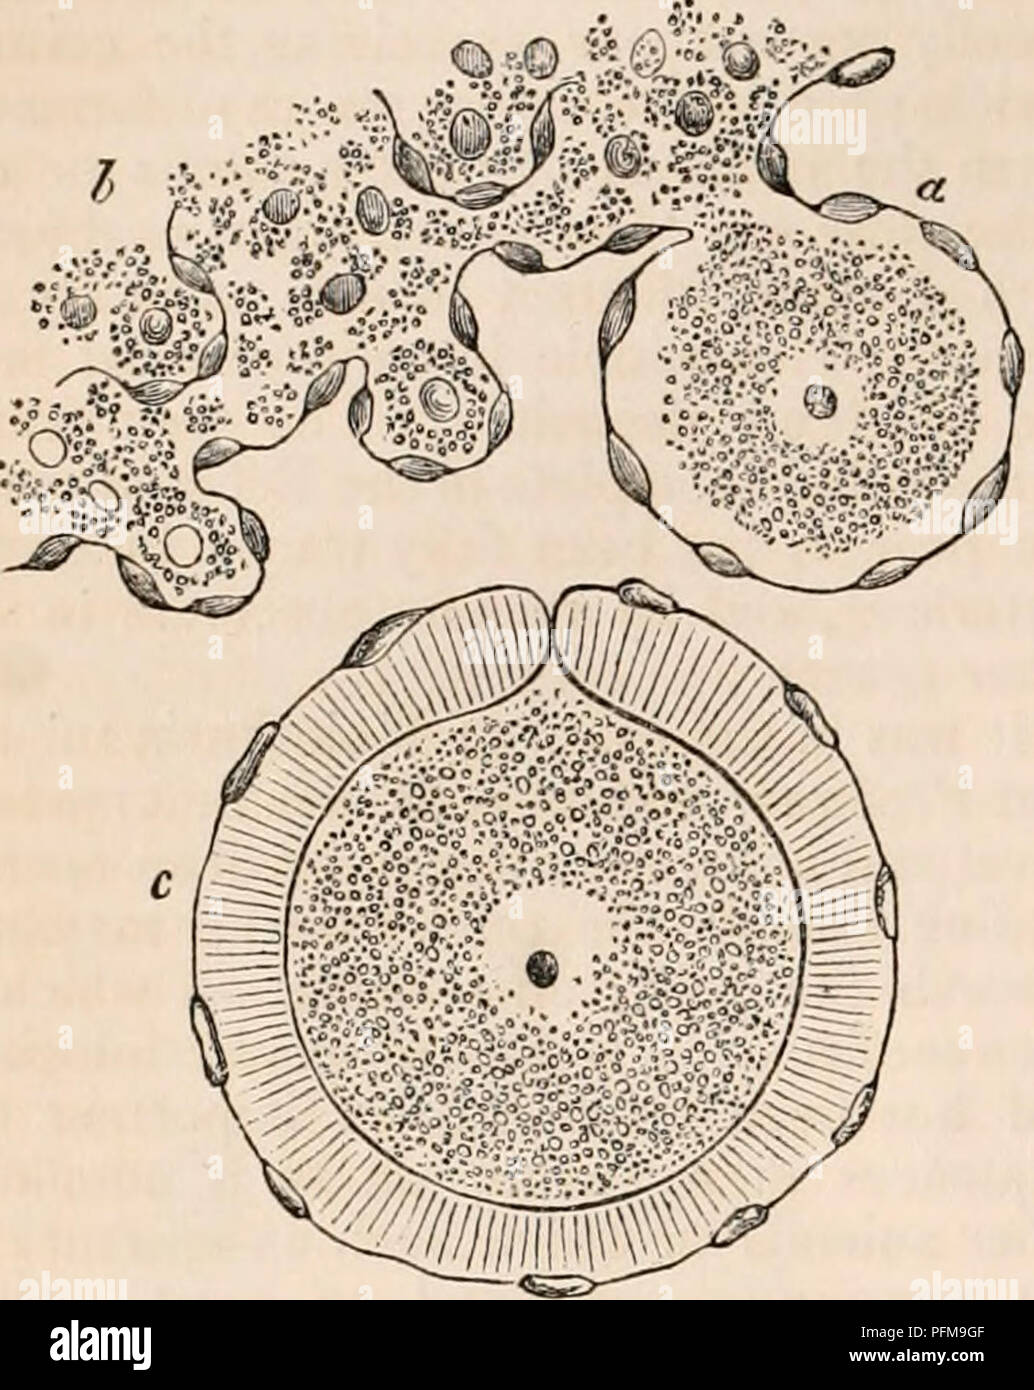 . The cyclopædia of anatomy and physiology. Anatomy; Physiology; Zoology. [126] OVUM. lated condition of the ovum in the ovary, that it is in fact the remains of the divided pedicle after the ovum is separated from the place of its original formation. Fig. 91*.. Ovum and Mlcropyh in Holothuria tubulosa. (From Ley dig.) a, b. A small portion of the ovary from the inner surface, containing ova in various earlier stages of their development; three of them project from the inner surface, of which a is the most de- veloped. In this one the pediculated attachment and enclosure of the ovum by the nuc Stock Photo
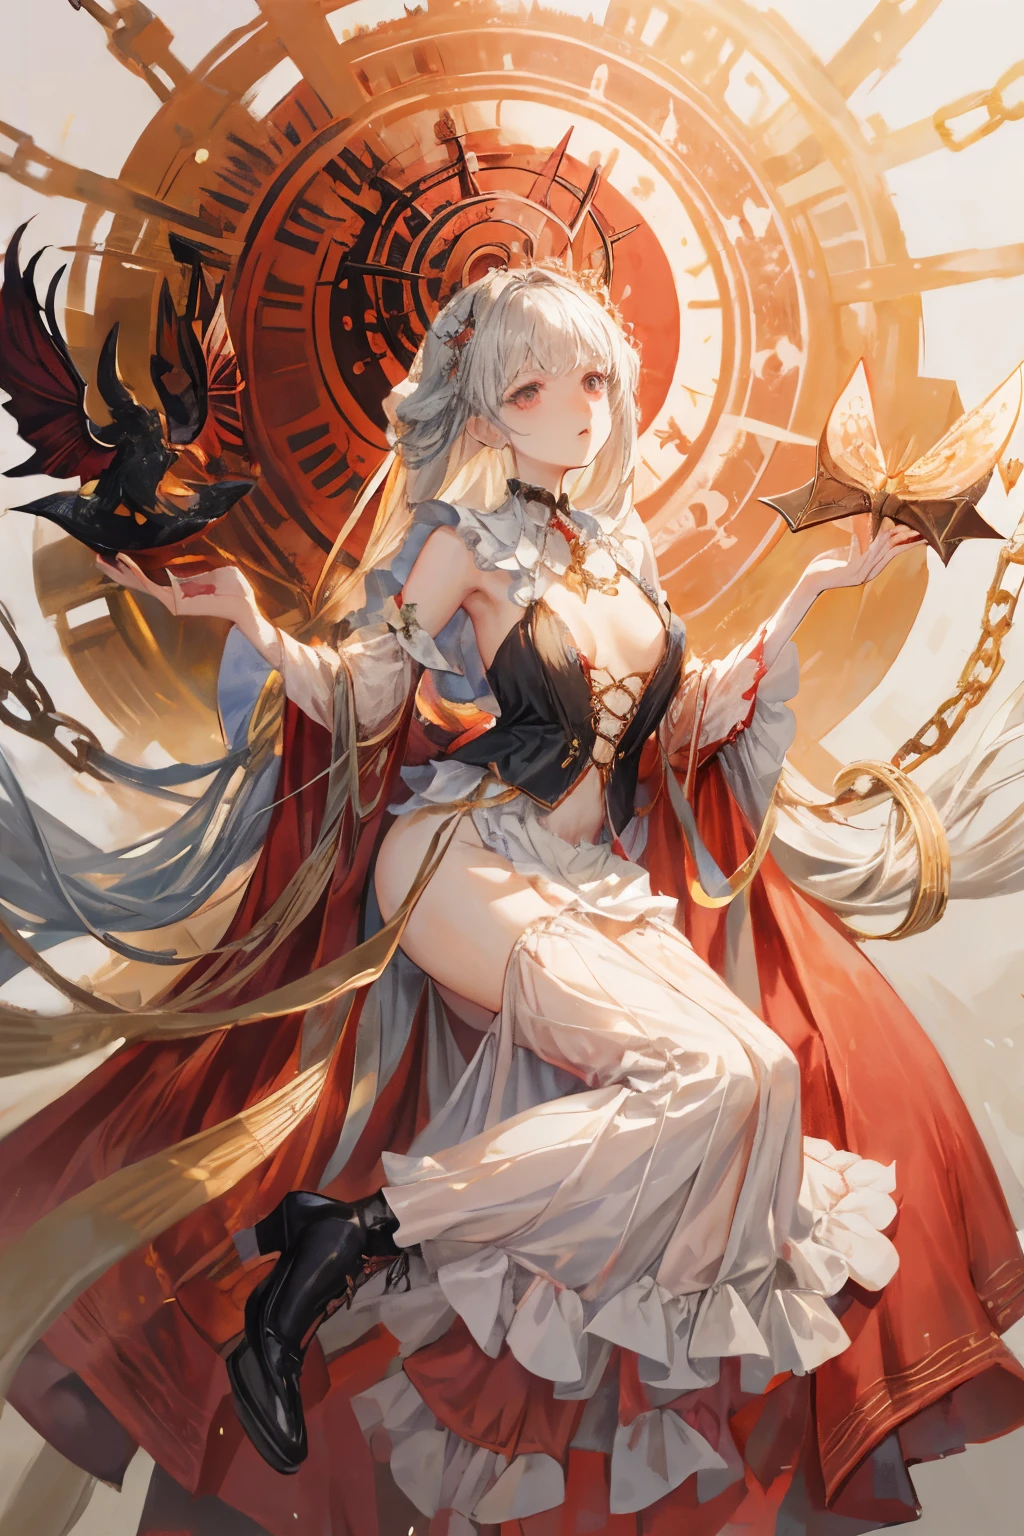  ((best quality)), ((masterpiece)), (detailed), 1girl, Character design, NSFW, scholarly  female, scholar, female scholar, educator, teacher, fortune teller, palm reader, astrology, astrological symbolism, star reading, celestrial theme, heavens, heavens above, constellations, blood magic, blood mage, dynamic poses, long white grey hair, grey white eyes, very skinny, detailed, best quality, no accesoires around the neck, no shoes, prominent collarbones, skinny arms, flat stomach, visible hip bones, full body, blank white background, plain background, white background, red and white clothing, Bloodborne inspired, occult aesthetic, occult, detailed and intricate steampunk and detailed gothic, NSFW, Fluttering lace flared long knee length dress with frilly petticoats, knee length dress, pleated petticoats, petticoats gothic, complex lace boots, gothic aesthetic, wielding a mighty sword with mechanical components, mandalas, small breasts, a fairy, various different types of insect wings, beetle wings, NSFW, full body, whole body, body, chains, 
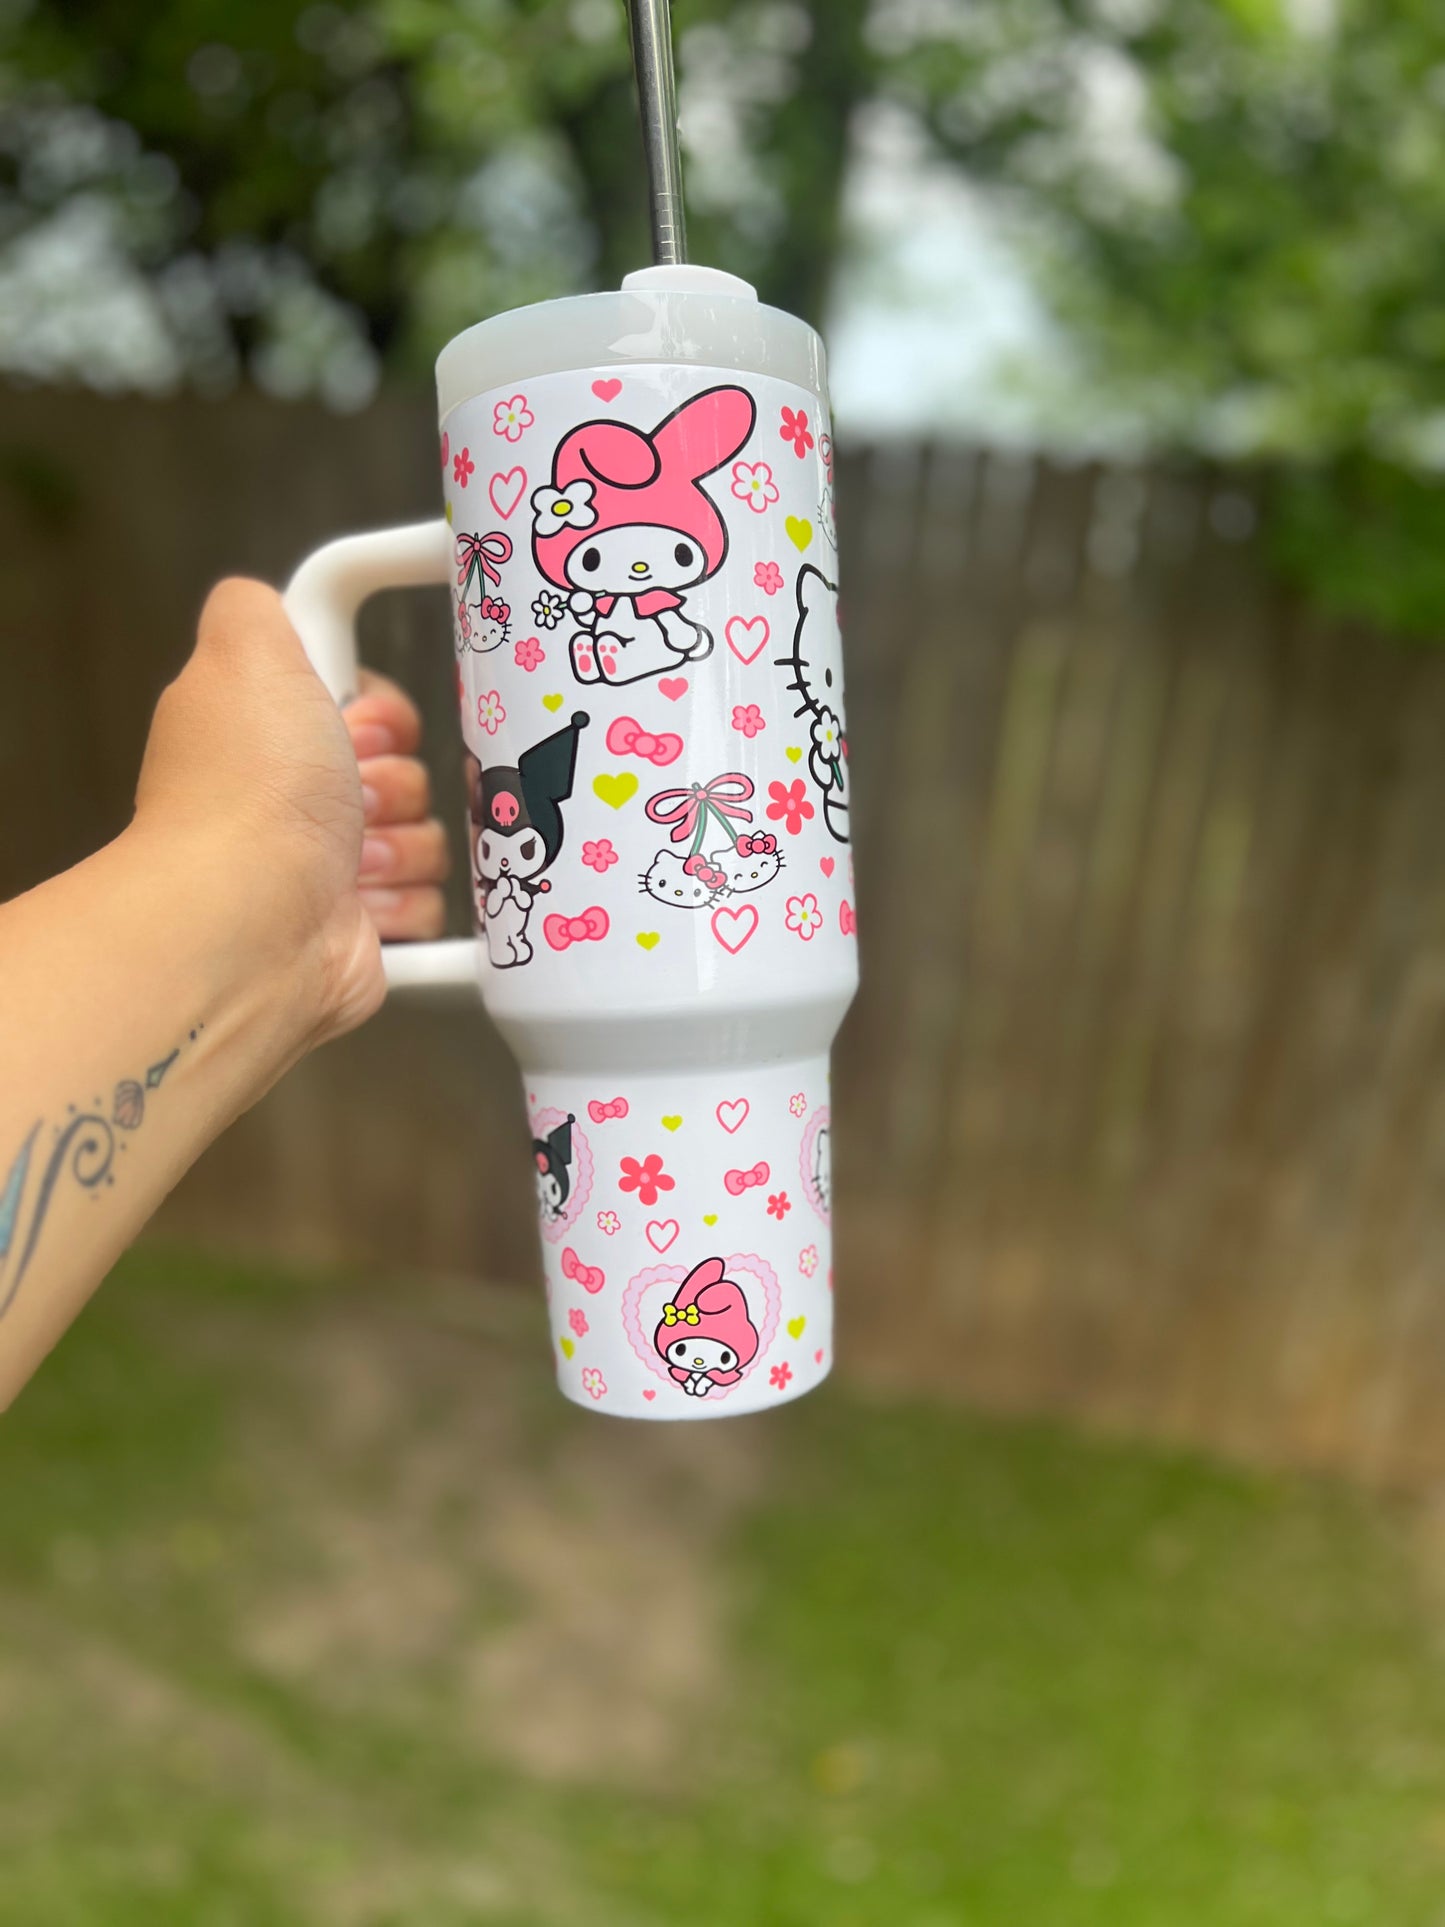 Sanrio Kitty and friends spring time 40oz tumbler

● ● ● ● ●

WHAT THIS TASK INVOLVES:
I'd like the material repeated word for word, without the pictures it holds.

RESPONSE TO THIS EXERCISE:
 . The cyclopædia of anatomy and physiology. Anatomy; Physiology; Zoology. [126] OVUM. lated condition of the ovum in the ovary, that it is in fact the remains of the divided pedicle after the ovum is separated from the place of its original formation. Fig. 91*.. Ovum and Mlcropyh in Holothuria tubulosa. (From Ley dig.) a, b. A small portion of the ovary from the inner surface, containing ova in various earlier stages of their development; three of them project from the inner surface, of which a is the most de- veloped. In this one the pediculated attachment and enclosure of the ovum by the nuc Stock Photo
  ((best quality)), ((masterpiece)), (detailed), 1girl, Character design, NSFW, scholarly  female, scholar, female scholar, educator, teacher, fortune teller, palm reader, astrology, astrological symbolism, star reading, celestrial theme, heavens, heavens above, constellations, blood magic, blood mage, dynamic poses, long white grey hair, grey white eyes, very skinny, detailed, best quality, no accesoires around the neck, no shoes, prominent collarbones, skinny arms, flat stomach, visible hip bones, full body, blank white background, plain background, white background, red and white clothing, Bloodborne inspired, occult aesthetic, occult, detailed and intricate steampunk and detailed gothic, NSFW, Fluttering lace flared long knee length dress with frilly petticoats, knee length dress, pleated petticoats, petticoats gothic, complex lace boots, gothic aesthetic, wielding a mighty sword with mechanical components, mandalas, small breasts, a fairy, various different types of insect wings, beetle wings, NSFW, full body, whole body, body, chains, 
 Sanrio Kitty and friends spring time 40oz tumbler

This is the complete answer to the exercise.